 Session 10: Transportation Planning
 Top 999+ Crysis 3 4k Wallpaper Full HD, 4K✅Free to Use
• • •
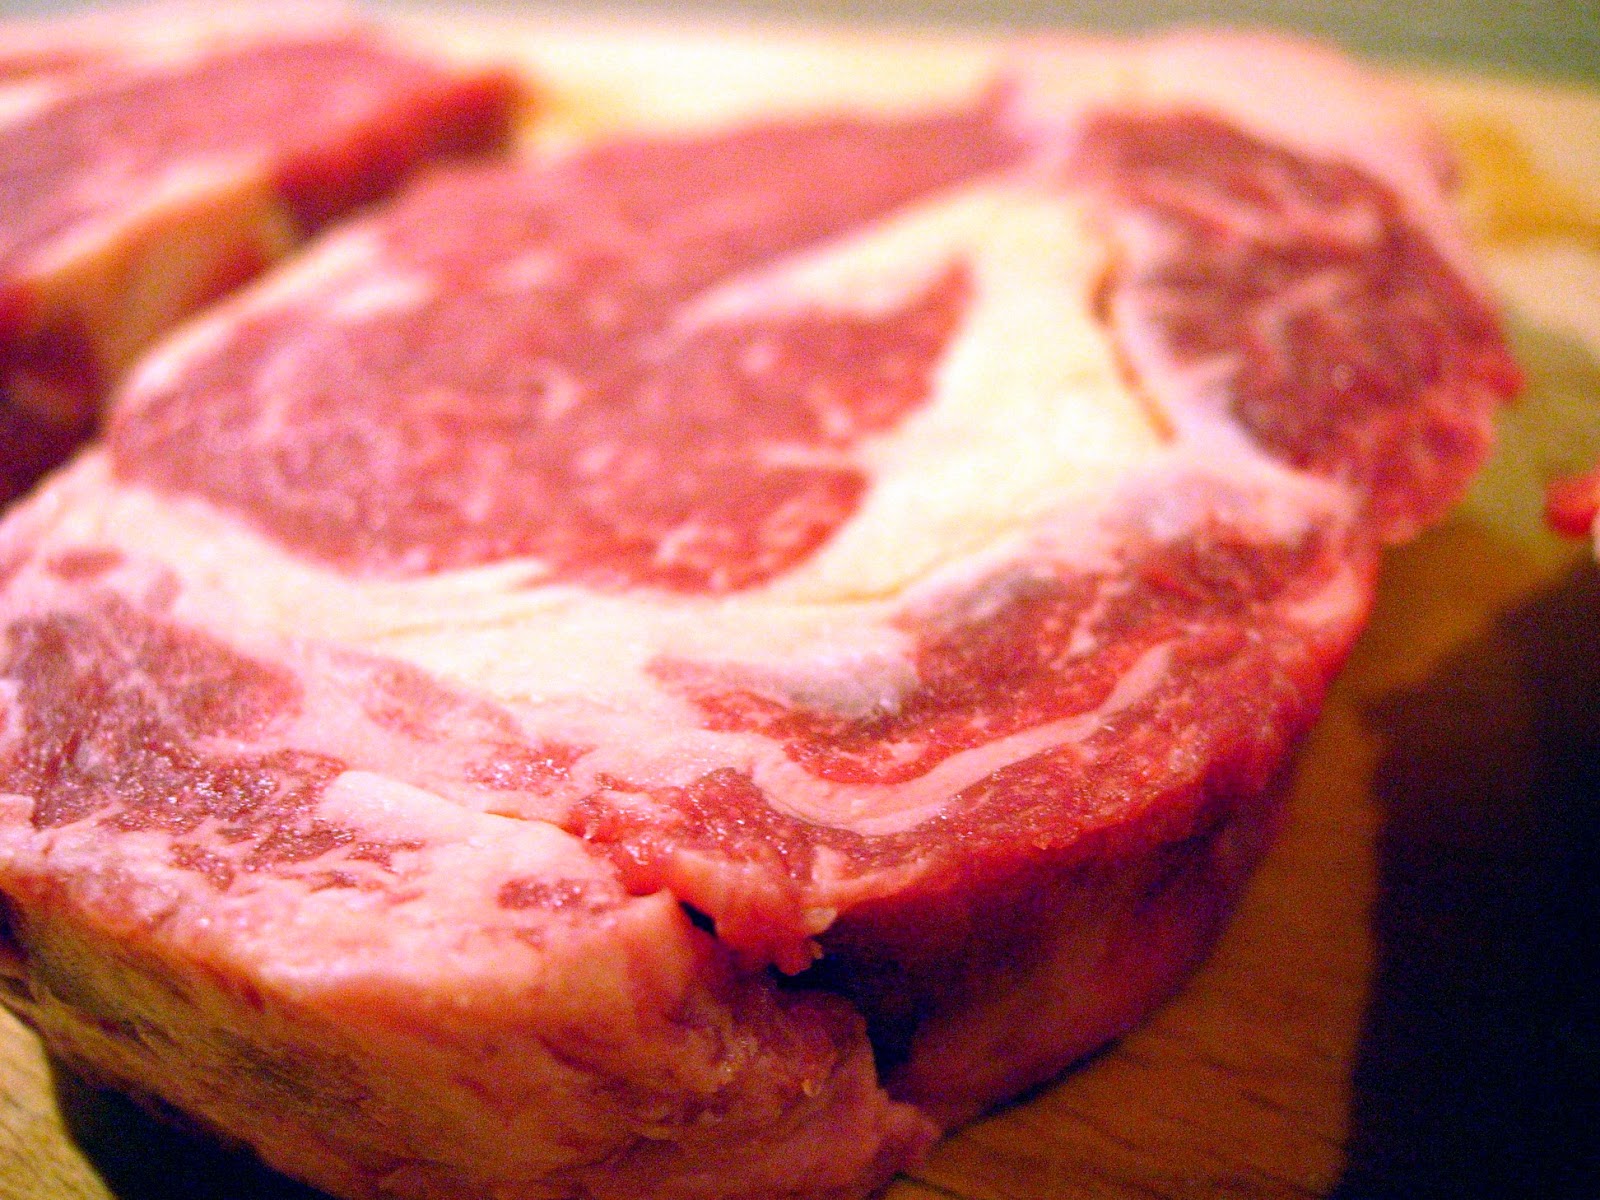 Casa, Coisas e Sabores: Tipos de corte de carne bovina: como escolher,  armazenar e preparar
• • •
INSTRUCTIONS TO FOLLOW:
Working from the records above, write out verbatim only the lines from the line containing "Session 10: Transportation Planning" through the line containing "Top 999+ Crysis".

ANSWER FOR THIS EXERCISE:
 Session 10: Transportation Planning
 Top 999+ Crysis 3 4k Wallpaper Full HD, 4K✅Free to Use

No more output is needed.